Note the liberal use of \s* (zero or more white space characters) in the regular expressions, this thwarts a lot of "workaround" bad patterns, such as 1 = 1 even though the standard sql injection attack is 1=1.


$bad_patterns = Array ( 
 '\[\s*a\s*href.*\]*', 
 '\%5B\s*a\s*href.*(\%5B)*', 
 '\<\s*a\s*href.*\>*', 
 '\%3C\s*a\s*href.*(\%3E)*', 
 's\s*c\s*r\s*i\s*p\s*t', 
 // Some for sql injection 
 'drop\s+\w+', 
 'insert\s*into', 
 '\s*or\s*\d+\s*=*\s*\d*', 
 '\s*and\s*\d+\s*=*\s*\d*', 
 'update\s*', 
 'alter\s*', 
 // This list is actually 20 or so patterns, some 
 // removed to condense post 
 'good\s*site\s*,*\s*admin' 
);

I realize filtering bad patterns is a contradiction of the "accept only what you want" philosophy, but since most of "what you want" can be abused to form malicious patterns, some chasing will always be required. The intent is to minimize the amount of pattern-chasing.

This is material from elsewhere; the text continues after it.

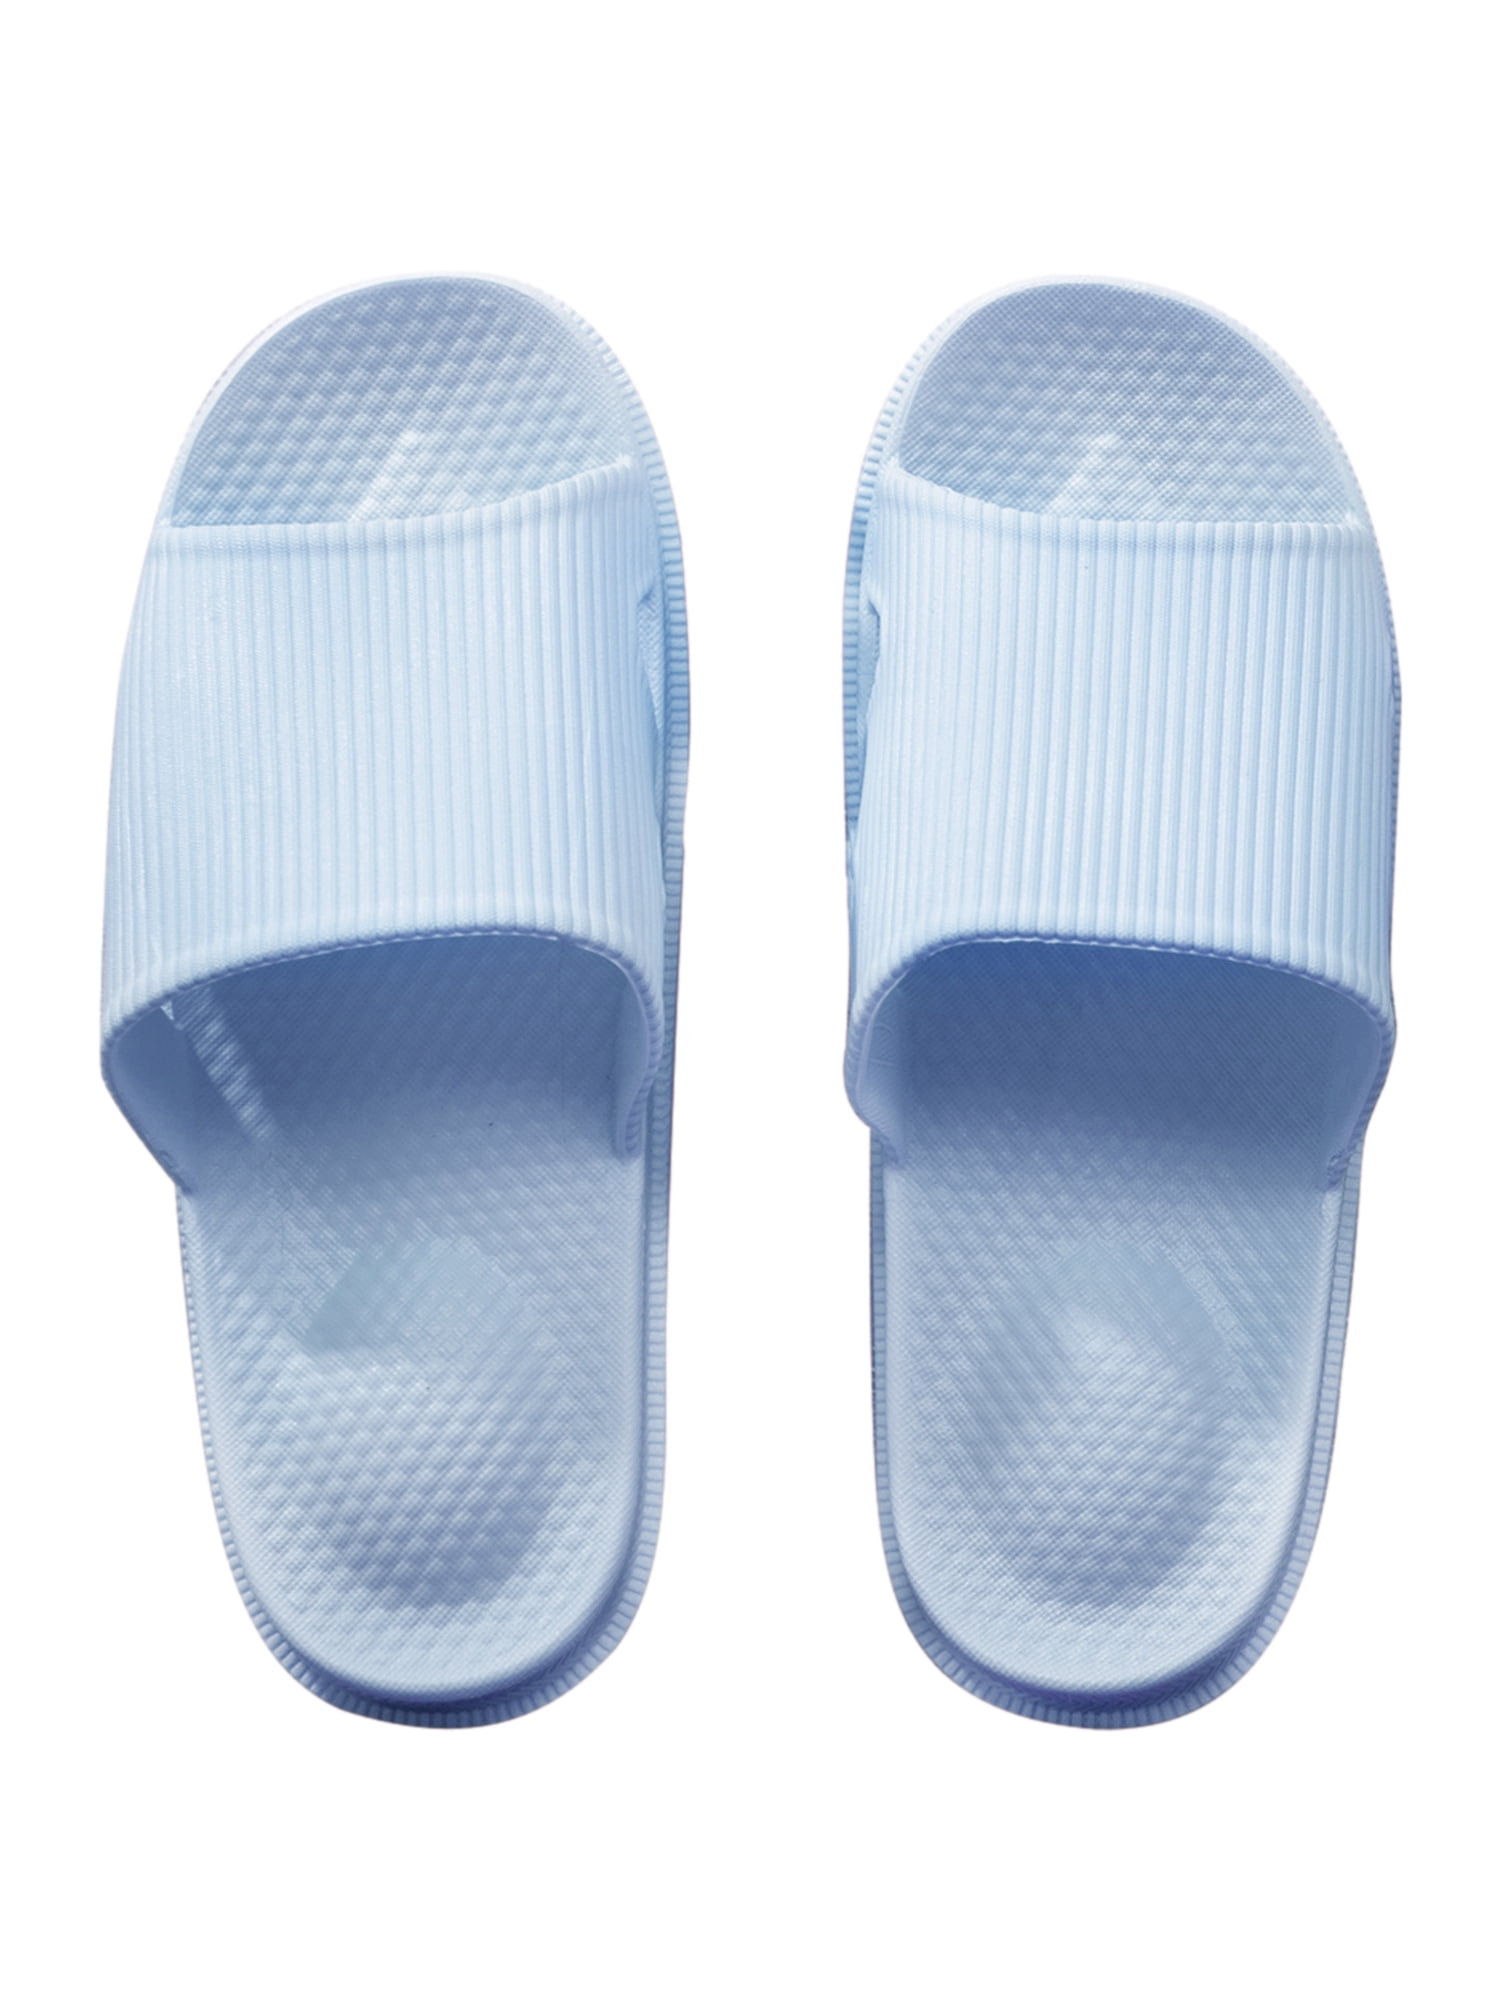 Unisex Non Slip Bathroom Slippers Shower Shoes Home Anti-Slip Sandals Slide  WEI

I trap these in the logging routine. If found, there is no reason to go any further, don't need to know anything else.


$spam_in=0; 
foreach ($_POST as $key => $value) { 
 $input_content .= $key . ": " . $value . "\n"; 
 foreach ($bad_patterns as $v) { 
  if (preg_match("/$v/i",$_POST[$key])) {  
  $trap .= "SPAM: $value found in " . $key . " field.\n"; 
  $spam_in = 1; 
  } 
 $input_content .= "$key: $value\n"; 
 } 
} 
// write $input_content to file here 
// If $spam_in == 1, terminate with error message previously described.

3. Continue on with an aggressive cleansing, removing anything but what you want. Unless your form is an "add your url" form, there is no legitimate reason for a url or html of any kind in your public forms. Not one. Simply put: nothing but letters, numbers, and basic punctuation is allowed (caveat: there are legitimate uses for other characters, such as é, add these to this simplified example.)

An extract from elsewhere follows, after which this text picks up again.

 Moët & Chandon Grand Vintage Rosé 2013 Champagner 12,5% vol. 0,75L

The following is a bit loose, as I go on to remove @ from anything but an email field, exchange % for the word "percent":


$allowed = 'A-Z0-9"\'\%\.\,\$\@\!\(\)\=\-\_\&\;\s'; 
for each ($_POST as $key=>$value) { 
 $_POST[$key] = preg_replace("/[^$allowed]+/i",'',$value); 
}

That is: remove anything that is NOT in my $allowed pattern. There are functions in PHP that do this for you, personally, I like to see what my coding is doing instead of feeding it to a "black box."

Yes it's not the PHP'ish approach. Yes it's "a little more work." But I can see more clearly what it's doing, which is why I do it this way.

Alter as you wish.

Baruch Menachem

5:17 pm on Jun 17, 2009 (gmt 0)

Thanks, That was a cool tutorial. A bit above where I am right now. <saving page> But good ideas.